Similarly, we define a protocol for task constraint satisfaction:
class TaskConstraintChecker(Protocol):
kind: str
def check_route(
self,
route: Route,
constraint: TaskConstraint,
) -> list[CheckResult]: ...
This results in the following API:
def score_candidate(
candidate: Candidate,
*,
target: Target,
constraints: Sequence[TaskConstraint],
tier_checkers: Sequence[TierChecker],
constraint_checkers: Sequence[TaskConstraintChecker],
acceptable_match_level: InChIKeyLevel | None = None,
acceptable_route_match: AcceptableRouteMatch = AcceptableRouteMatch.PREFIX,
) -> ScoredCandidate: ...
def score_target(
candidates: Sequence[Candidate],
*,
target: Target,
constraints: Sequence[TaskConstraint],
tier_checkers: Sequence[TierChecker],
constraint_checkers: Sequence[TaskConstraintChecker],
acceptable_match_level: InChIKeyLevel | None = None,
acceptable_route_match: AcceptableRouteMatch = AcceptableRouteMatch.PREFIX,
) -> TargetResult: ...
def score(
predictions: Mapping[str, Sequence[Candidate]],
task: Task,
*,
tier_checkers: Sequence[TierChecker] = (),
constraint_checkers: Sequence[TaskConstraintChecker] = (),
acceptable_match_level: InChIKeyLevel | None = None,
acceptable_route_match: AcceptableRouteMatch = AcceptableRouteMatch.PREFIX,
) -> Evaluation: ...
How task constraint checkers work?¶
There are two components. Task.effective_constraints(target_id) holds information on what constraint should be satisfied. That constraint is passed to .check_route within the score workflow. For example:
constraints = benchmark.effective_constraints("target-1")
# [
# StockTerminationConstraint(stock="buyables-stock"),
# RequiredLeavesConstraint(smiles=["CCO"]),
# ]
for constraint in constraints:
checker = registry[constraint.kind]
checks.extend(checker.check_route(route, constraint))
For example, for a regular retrosynthesis benchmark (task constraint is stock termination):
For a stock-only task:
benchmark = Task(
name="mkt-cnv-160",
targets=targets,
default_constraints=[
StockTerminationConstraint(stock="buyables-stock"),
],
)
score(
predictions,
task=benchmark,
constraint_checkers=[
StockTerminationChecker(
stocks={"buyables-stock": buyables}, # buyables is Set[InChIKeyStr]

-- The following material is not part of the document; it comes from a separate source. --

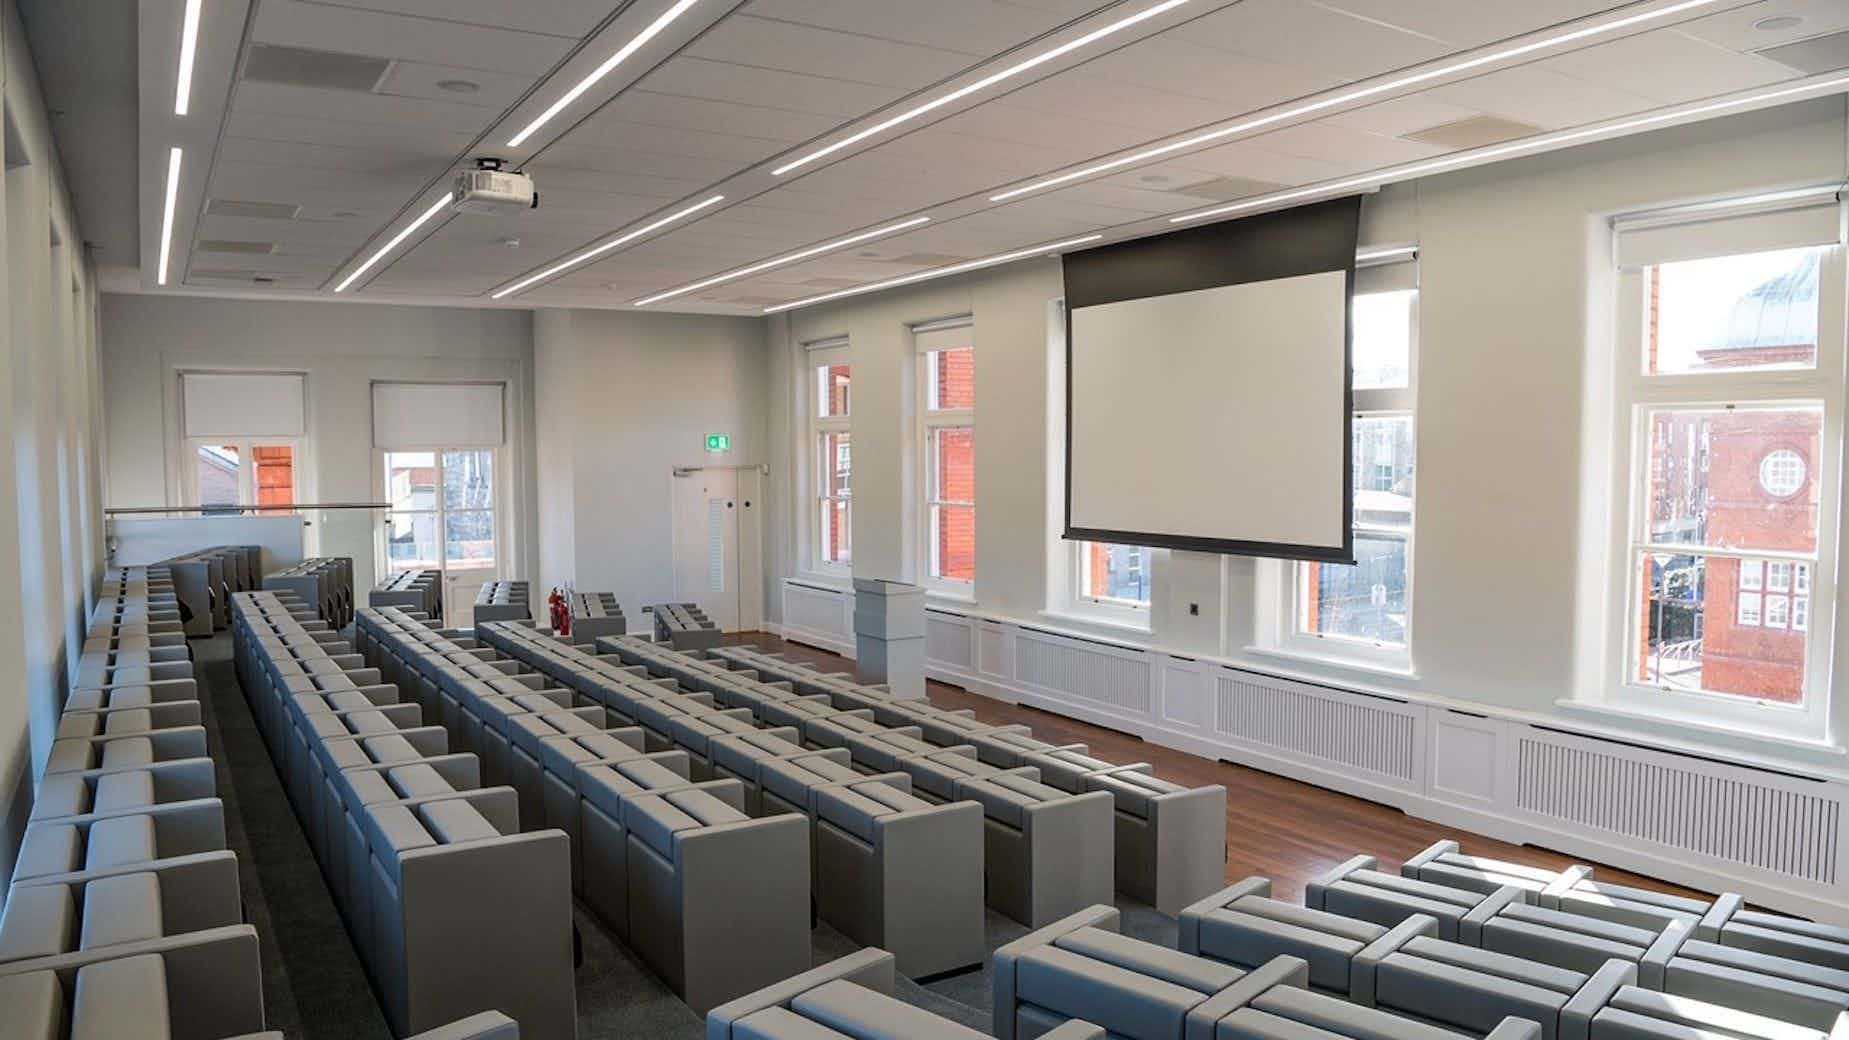 Auditorium, The Richmond Education and Event Centre

match_level=InChIKeyLevel.FULL,
),
],
)
For a bidirectional search problem (stock-plus-required-leaf task):
benchmark = Task(
name="mkt-cnv-160-leaf",
targets=targets,
default_constraints=[
StockTerminationConstraint(stock="buyables-stock"),
],
constraints={
"target-1": [
RequiredLeavesConstraint(smiles=["CCO"]),
],
},
)
and scoring needs checkers for both kinds:
score(
predictions,
task=benchmark,
constraint_checkers=[
StockTerminationChecker(
stocks={"buyables-stock": buyables},
match_level=InChIKeyLevel.FULL,
),
RequiredLeavesChecker(match_level=InChIKeyLevel.FULL),
],
)
This architecture allows for definition of custom TaskConstraint for a given Task and so long as you define a complementary TaskConstraintChecker, you can use the general score workflow.

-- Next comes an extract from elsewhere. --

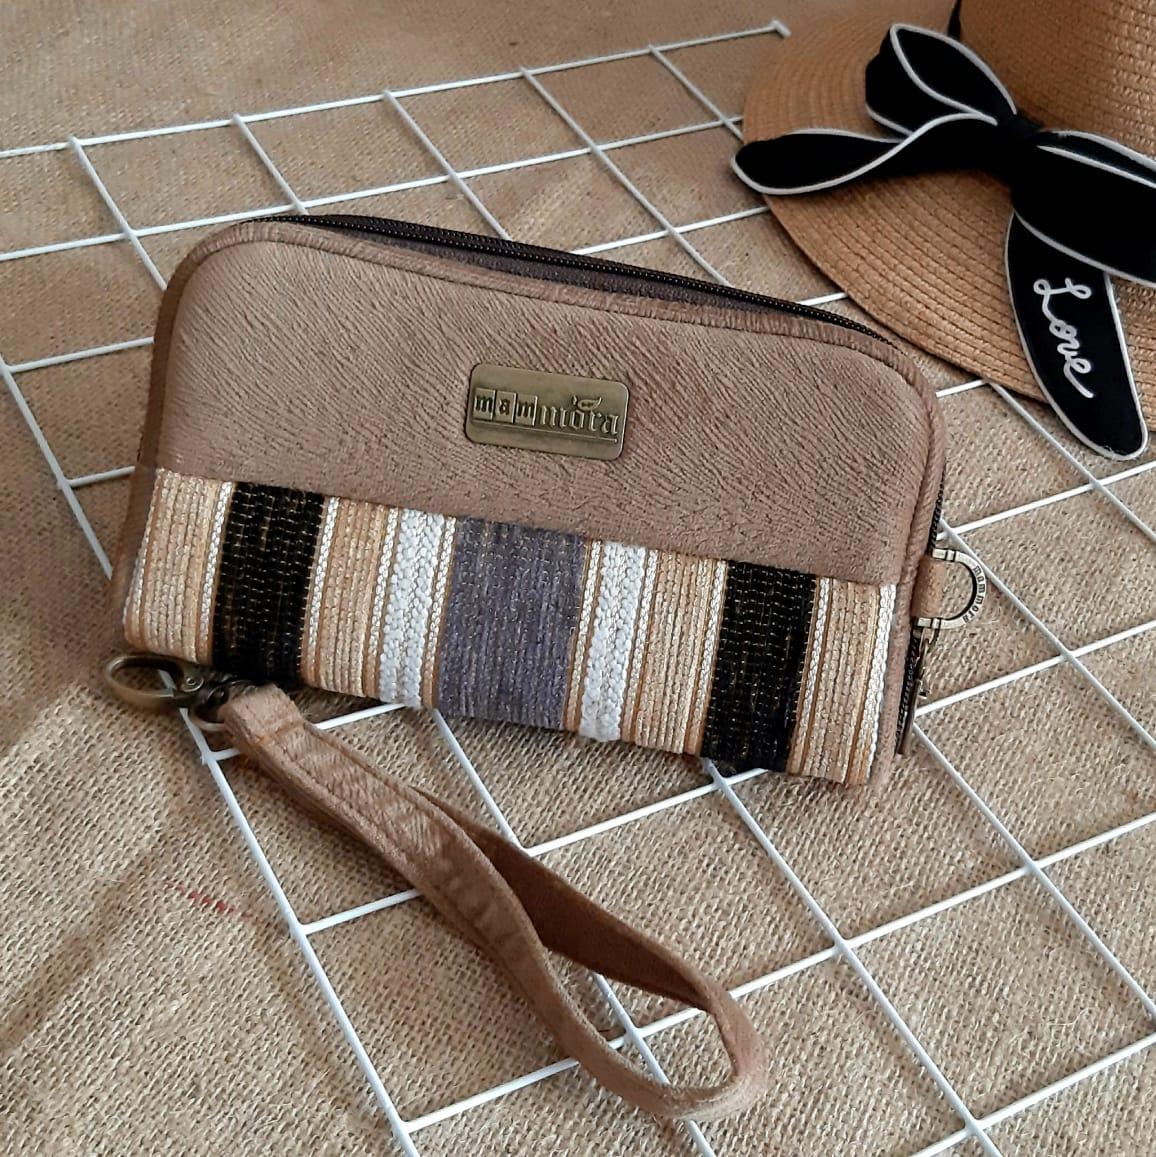 dompet hp organizer wanita mammora sw smart wallet ethnic handmade

Notably, the score workflow enforces that requirement. If you try to pass a Task with constraint of kind ariadne.reaction_count, but did not specify a corresponding kind checker, you'd get a runtime error. RetroCast treats unverifiable constraints as unsolved by default.
4. Analyze¶
analyze should derive benchmark-style metrics from Evaluation.
class MetricSummary(BaseModel):
value: float
count: int
ci_low: float | None = None
ci_high: float | None = None
class AnalysisReport(BaseModel):
metrics: dict[str, MetricSummary] = Field(default_factory=dict)
by_stratum: dict[str, dict[str, MetricSummary]] = Field(default_factory=dict)
analyze(
evaluation: Evaluation,
*,
ks: Sequence[int] = (1, 5, 10, 50),
prefix_depths: Sequence[int] = (1, 2, 3),
stratify_by: Callable[[TargetResult], str | None] | None = None,
) -> AnalysisReport
Top-K reconstruction metrics are emitted only for targets with acceptable_routes; if no target has acceptable_routes, reconstruction metrics are omitted. Reconstruction diagnostics use Evaluation.acceptable_match_level, so route, root-reaction, and prefix comparisons stay on the same molecular identity basis. Evaluation.acceptable_route_match records whether headline acceptable-route reconstruction used target-rooted prefix matching or exact full-route identity. Its model default is EXACT so legacy artifacts without the field are interpreted according to their original scoring semantics; new scoring writes the selected mode explicitly.